BED BATH & BEYOND SET TO COMPLETE A ROUND OF LAYOFFS IN NEW JERSEY THE DAY BEFORE A NEW STATE LAW TAKES EFFECT THAT WOULD MEAN MILLIONS MORE IN SEVERANCE FOR WORKERS

  • Bed Bath & Beyond is closing 43 stores, two warehouses, and one fulfillment center in New Jersey.
  • The company is also slashing 377 jobs at its Union, NJ, corporate headquarters, effective April 9.
  • New layoff rules go into effect on April 10 in the state, which could have cost the company millions.

As embattled housewares giant Bed Bath & Beyond drastically shrinks its retail operation, the timing of store closures and layoffs in its home state of New Jersey is likely helping the company avoid millions of dollars in liabilities it might otherwise face.

On the morning of Tuesday, January 10, Bed Bath & Beyond CEO Sue Gove offered a rosy update about the company's turnaround strategy during its third-quarter earnings call.

"Our entire organization is laser-focused on maximizing the value of our company by reconnecting with our customers and positioning Bed Bath & Beyond, buybuy BABY, and Harmon for long-term success," she said.

Later that day, New Jersey Governor Phil Murphy signed a bill setting April 10 as the effective date of sweeping new rules that companies must follow when they lay off workers.

Current federal and state laws require 60-days' public notice of job cuts affecting 50 or more full-time workers at one location, and only require severance payments in the event that an employer does not give full notice.

Management-side employment lawyer Mark Diana, of the firm Ogletree Deakins, told Insider that starting April 10 in New Jersey, employers will be required to give 90 days' notice, include all part-time and full-time workers across all locations in the state, and pay mandatory severance of one week's earnings per year of service, with no cap on the number of weeks.

"What makes it kind of a kick in the teeth is you're often dealing with companies that are in some financial distress," Diana said. "That's why they're laying off a lot of employees."

Insider roughly estimates the newly required severance payments might have represented a liability to the company of several million dollars, based on median worker earnings reported in Bed Bath & Beyond's most recent proxy filing, layoff numbers reported to the state, and typical store staffing levels and tenure.

On February 7, less than a month after the bill signing, Bed Bath & Beyond updated its list of closing stores to include all 49 locations of its Harmon subsidiary — 30 of which are in New Jersey — as well as 13 flagship-brand stores in the state, up from three locations that were previously announced.

Representatives for Bed Bath & Beyond did not respond to Insider's question about whether the law influenced the timing of its New Jersey closures.

Filings with the New Jersey Department of Labor also show that the company notified the state in January and February that it would cut nearly 1,300 jobs across four locations: 262 at a Harmon warehouse, 84 at a Bed Bath & Beyond warehouse, 572 at an e-commerce fulfillment center, and 377 at its corporate headquarters.

All four layoff notices have effective dates of April 9 or earlier, and a New Jersey store manager told Insider that his store and all others scheduled to close in the state are set to be fully vacated before the April 10 law kicks in.
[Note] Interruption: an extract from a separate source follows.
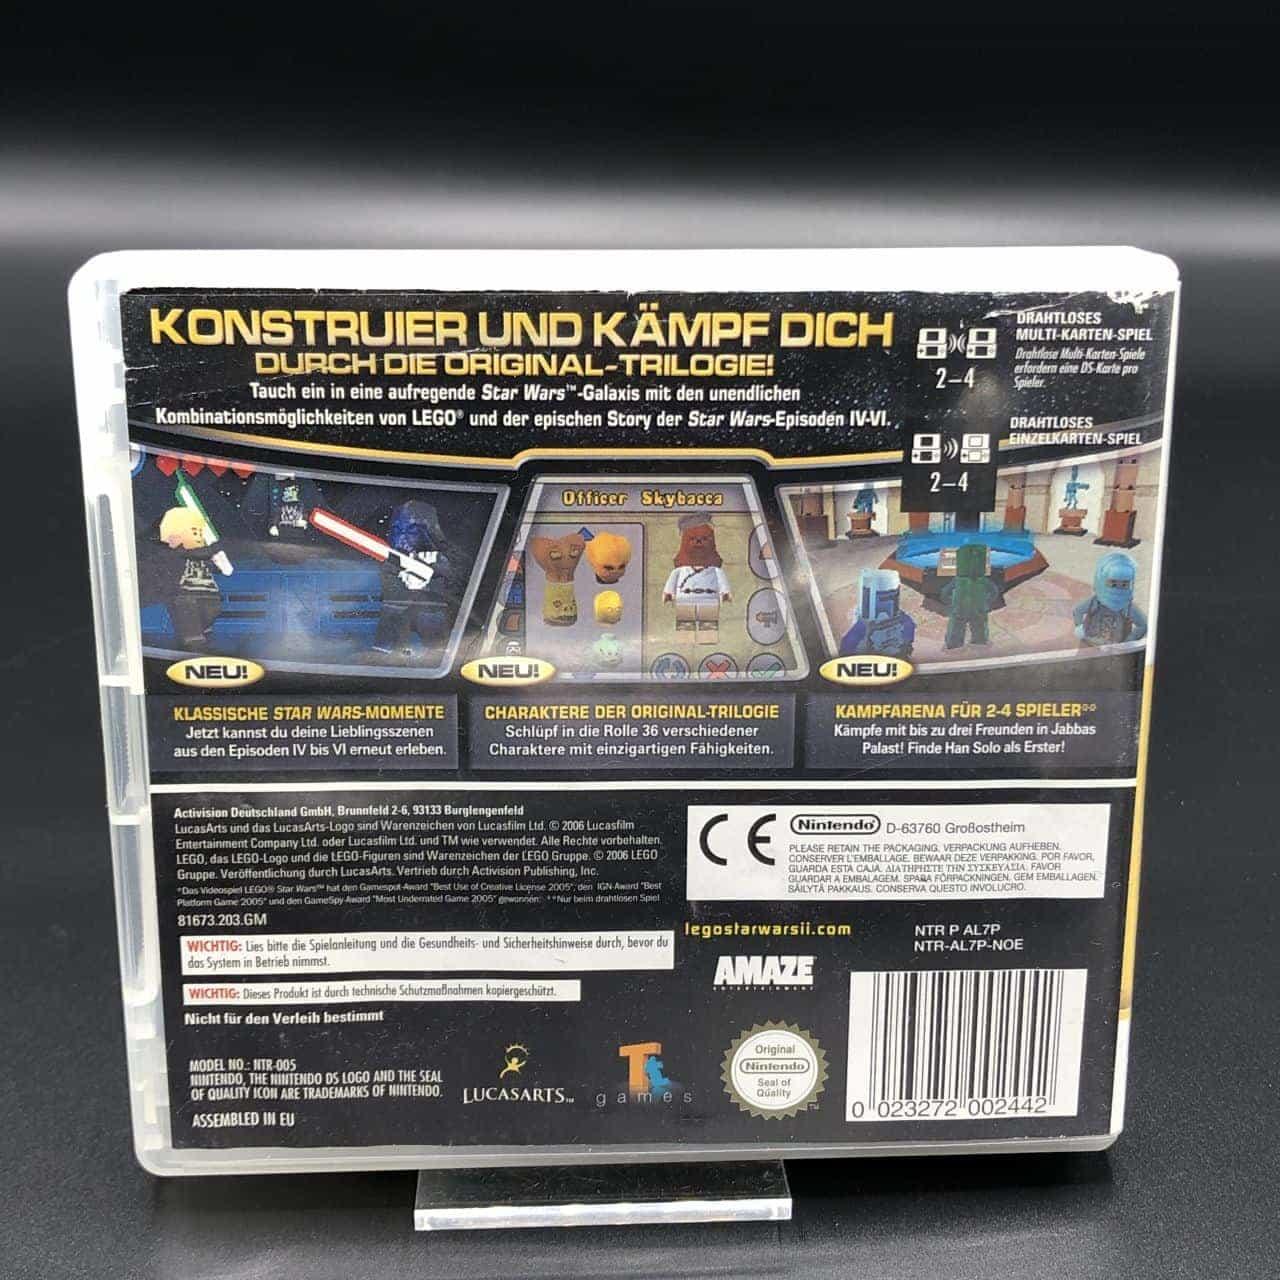 Lego Star Wars II: Die Klassische Trilogie (Komplett) (Gebrauchsspuren) Nintendo DS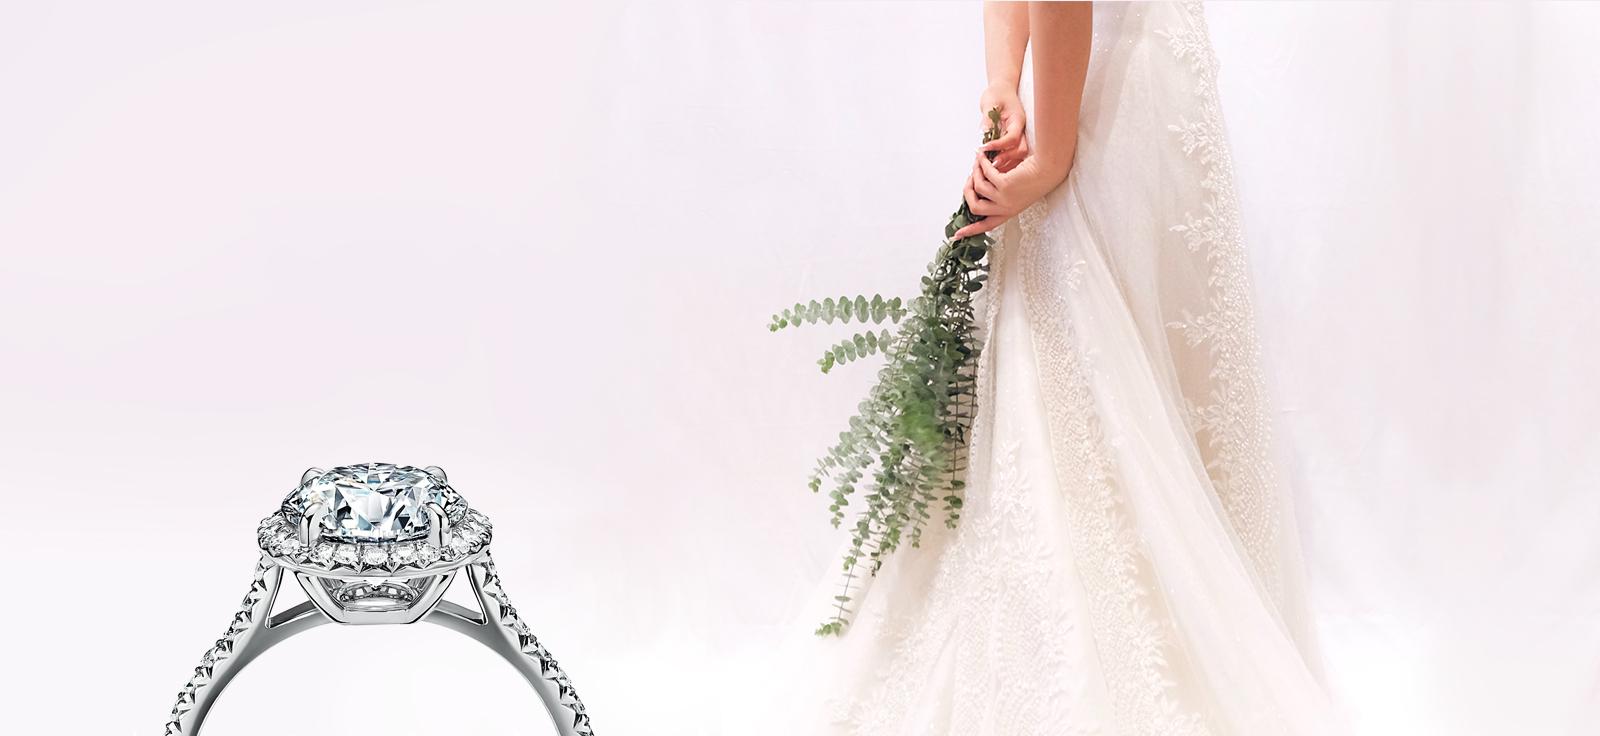 Alexandridi-Engagement_Rings_Summer21

The manager asked to remain anonymous until his position is terminated, but his identity is known to Insider.

The company has not mentioned any connection between the new rules and the layoff timing in communications to stores, the manager said, but he noted that store closures in other states will occur after April 10.

Unlike prior cuts in which as many as 12 weeks of severance pay were given, Bed Bath & Beyond workers in several states affected by this round of layoffs tell Insider they will receive nothing. The company has previously declined to comment regarding severance payments.

Management teams at stores are slated to receive a retention bonus equal to about one week's earnings if they stay until the last day of their employment: $2,000 in the case of store managers, $1,500 for assistant managers, and $750 for supervisors, multiple store managers told Insider. The figures are consistent with reports from other media outlets.

It's not clear how the new regulations would apply to "straddle" cases in which notification happens before April 10 but layoffs occur after, Ogletree Deakins' Diana said, but completing the whole process before the deadline eliminates that uncertainty for Bed Bath & Beyond.

"I don't think this law came as any surprise to large New Jersey-based employers," he said. "It was just a matter of when, not whether."